In citing U.S. Census Bureau statistics on education, Mary Laine Yarber (Education column, Dec. 30) no sooner tells us that "The conclusions that can be drawn from such data are complicated and largely subjective, so I'll leave those to you," than she offers her opinion that "the reason teachers are paid less than their equally educated counterparts in other professions is that teaching is still a female-dominated occupation."

First, Yarber mistakenly refers to teachers as professionals--as if to compare them to doctors, lawyers, certified public accountants and similar professionals. Teachers are members of trade unions that engage in collective bargaining. It is disingenuous for them to claim professional status.

That teaching is a female-dominated occupation probably does have something to do with comparative pay. Yarber implies that this is the product of sex discrimination. Of course, she fails to address the issue of a 10-month work "year." She also fails to address the fact that women are far more likely to drop out of the work force in mid-career or to work limited schedules (be they professionals or otherwise), and this factor will show up with a vengeance in statistical groups heavily weighted with a female population. In addition, teachers often retire earlier than members of the comparison group Yarber refers to--i.e., other professions. In sum, the statistical cause/effect relationship Yarber attempts to draw is insupportable.

Yarber also gives us a batch of numbers about school spending and student-teacher ratios with no "conclusions" or "suspicions" as to meaning. But she does tell us that California is in the "middle" on state per-student spending and ranks near the bottom in terms of teacher-student ratios.

There are fascinating cause and effect relationships to be gleaned from the information she does provide, through. The District of Columbia tops the per-student spending list at $9,259 and has the lowest ratio of students per teacher at 13.2, while Utah ranks at the bottom of both categories at $2,960 and 24.9. How about a simple question? Where would you most like your child to attend school--Utah or Washington? Or, guess which schools score higher on virtually every comparable test of academic achievement? Finally, in which arena does the teachers' union hold ham-fisted control?

There are conclusions to be drawn here--but you won't find the "educational Establishment" shining light on them. Money is far less an answer to fixing our dysfunctional public educational system than wrestling control from the dominant educational elites.
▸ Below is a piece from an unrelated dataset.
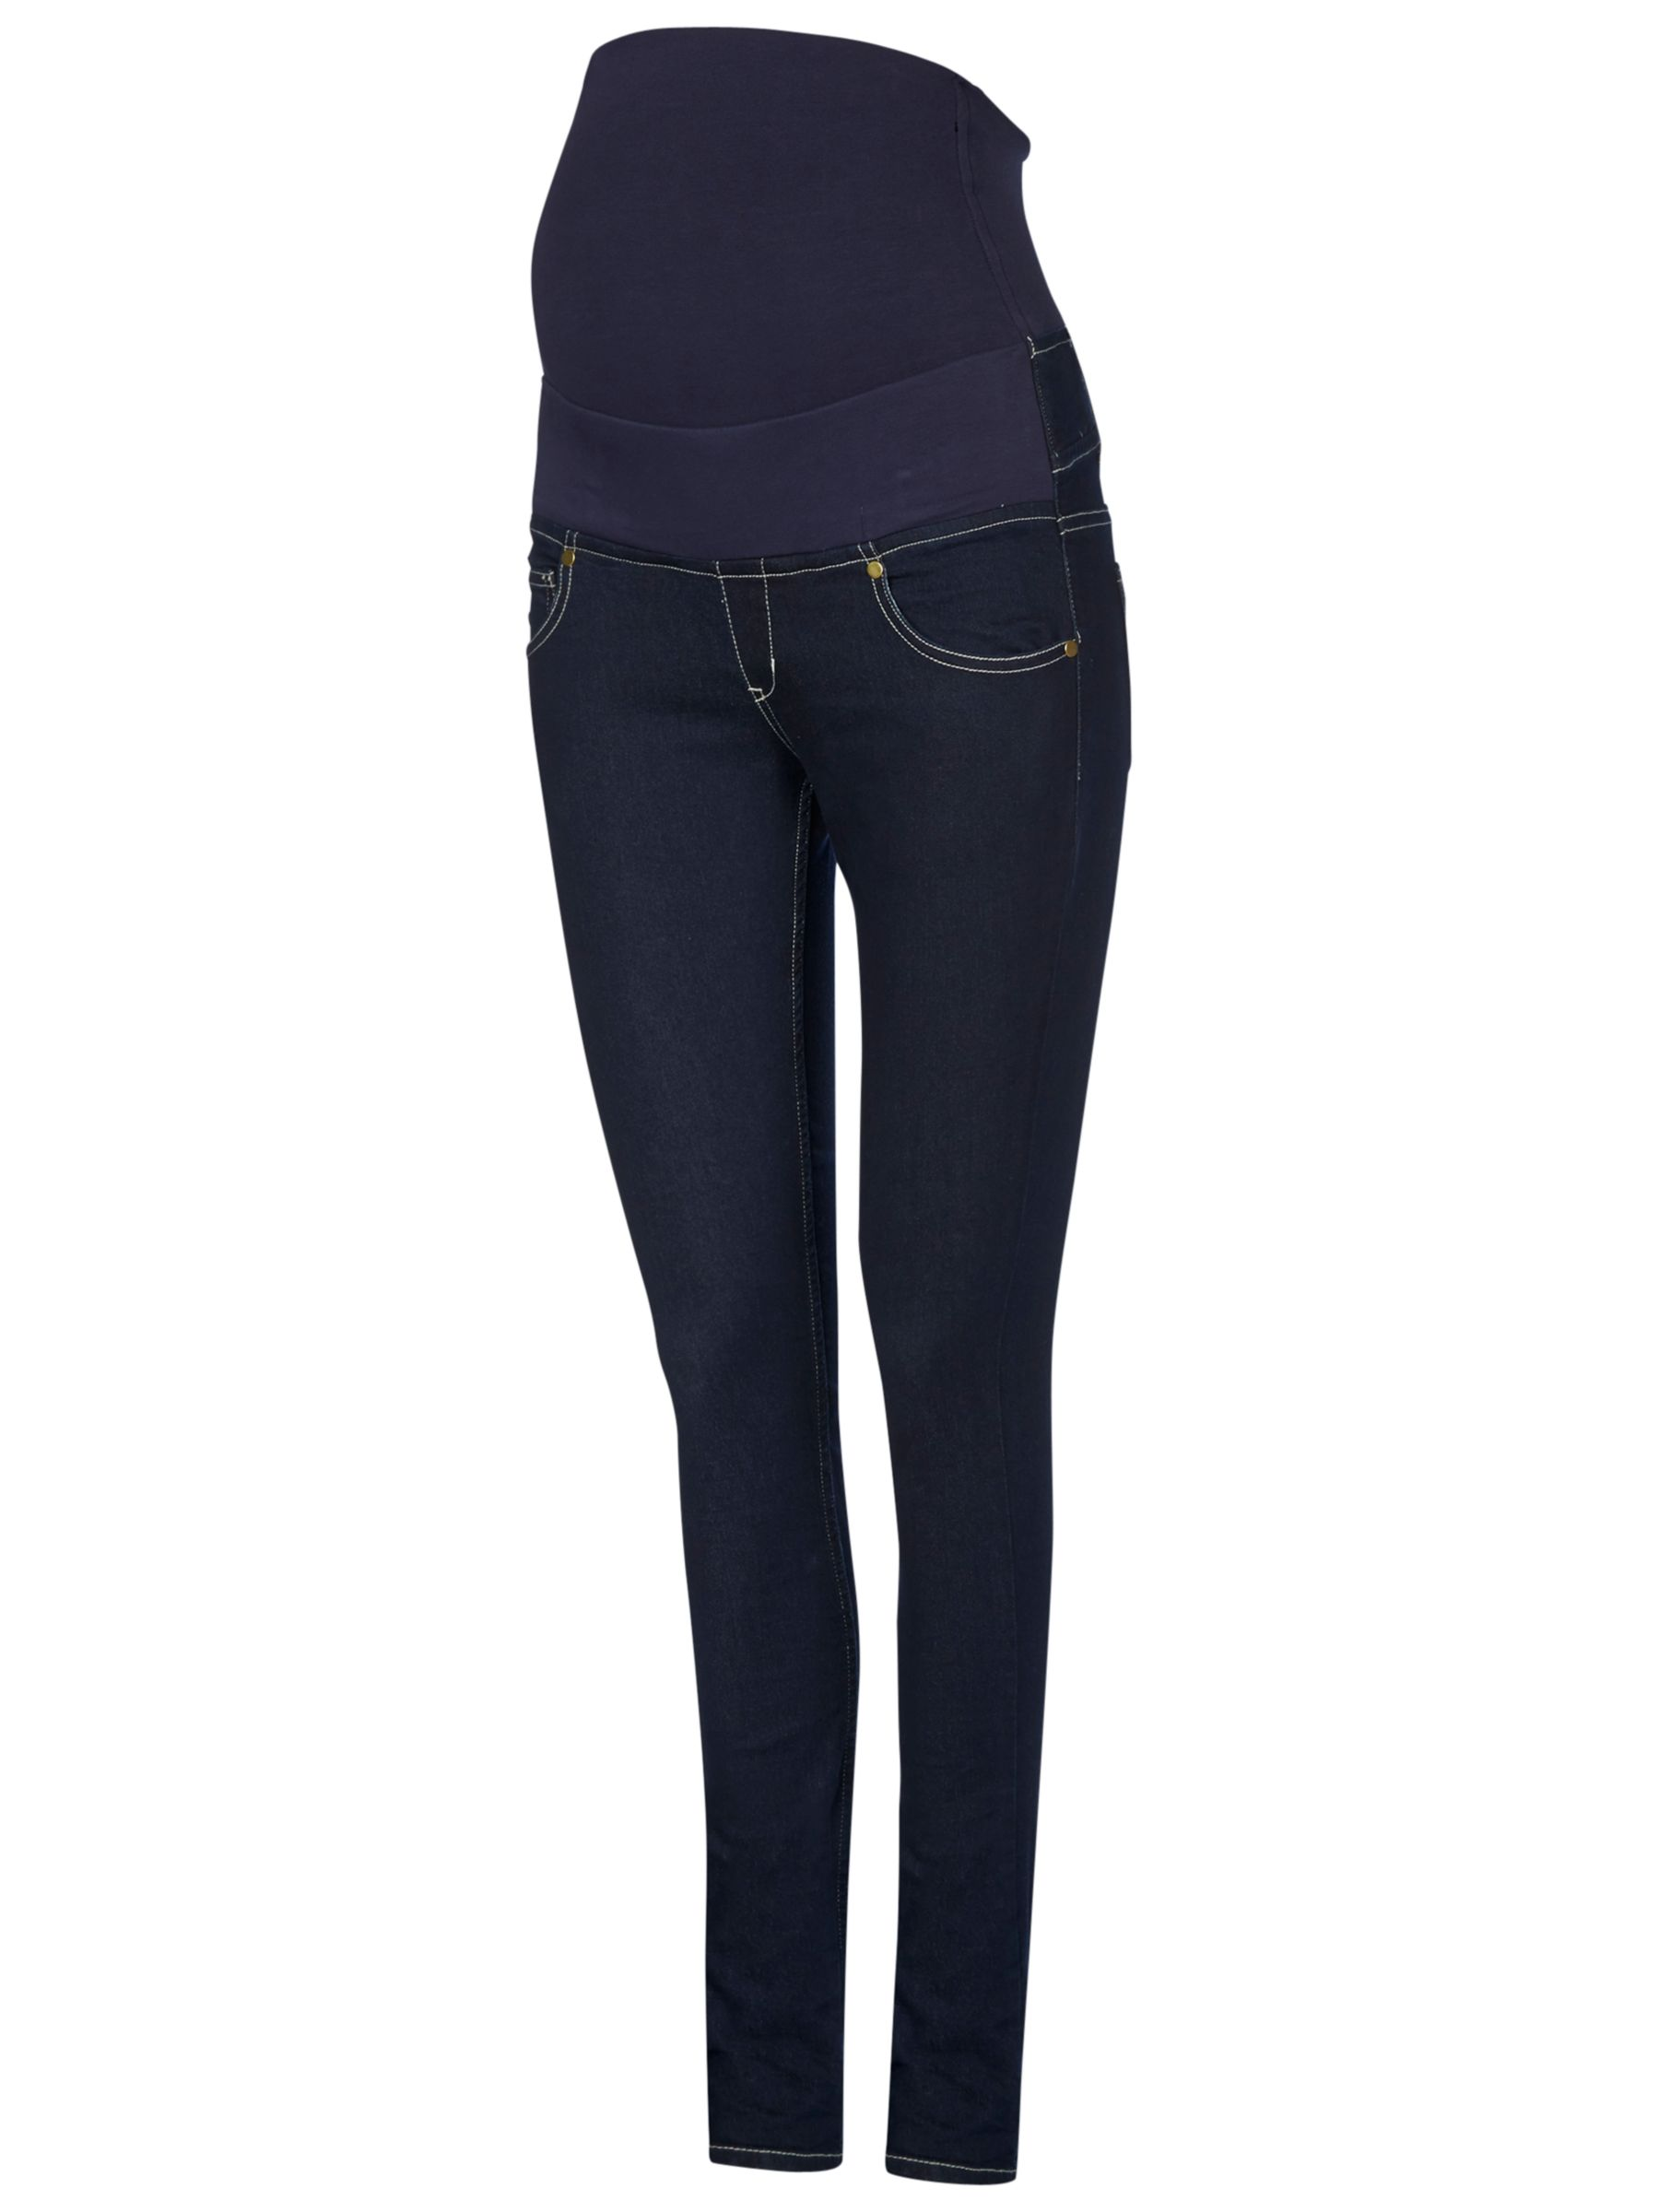 Isabella Oliver Isabella Oliver Zadie Super Stretch Skinny Denim Maternity Jeans, Indigo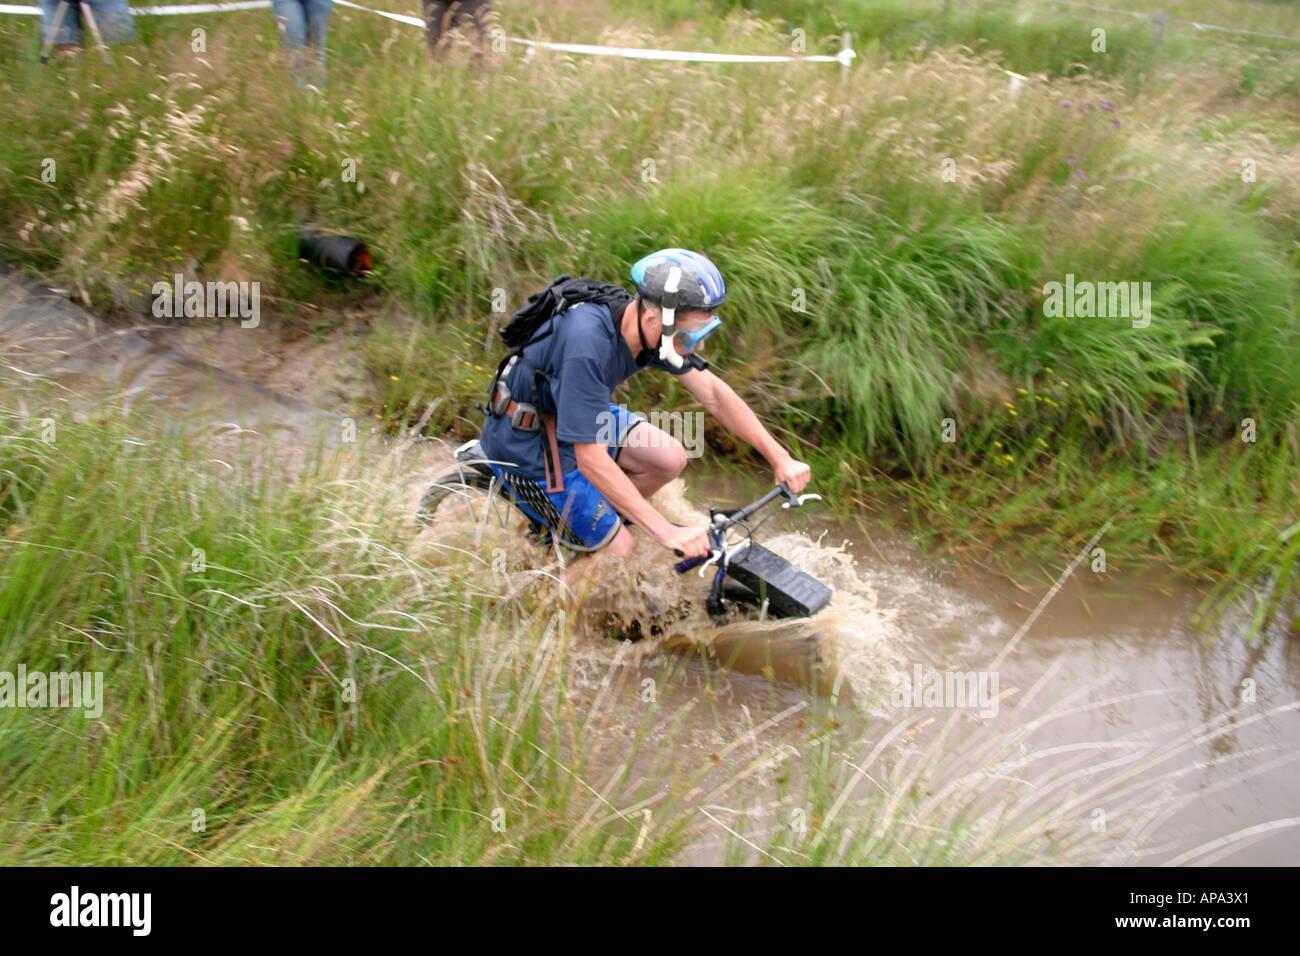 Competitor In World Mountain Bike Bog Snorkeling Championships

Also, Utah is often mocked as a Christian stronghold (home of the Mormon Church) by the secular elites. But a lot of the wacky pandering to the multicultural fad of the day, the idea of "outcomes-based" education (i.e. watered-down, pablum-fed curricula and grading techniques) have not become firmly entrenched there . . . yet. Maybe Christian values . . . oh! Heaven forbid!

Our public educational system is severely at risk of implosion. It is the product of the fad and fantasy ideas (that carry consequences) of the educational elites, a unionized work force whose agenda is their own entrenchment, and politicians that want to polarize the people of this country along racial lines and economic lines in order to assure their own future. Our children's future loses its relevancy in the stormy waters churned up by these self-interested folks.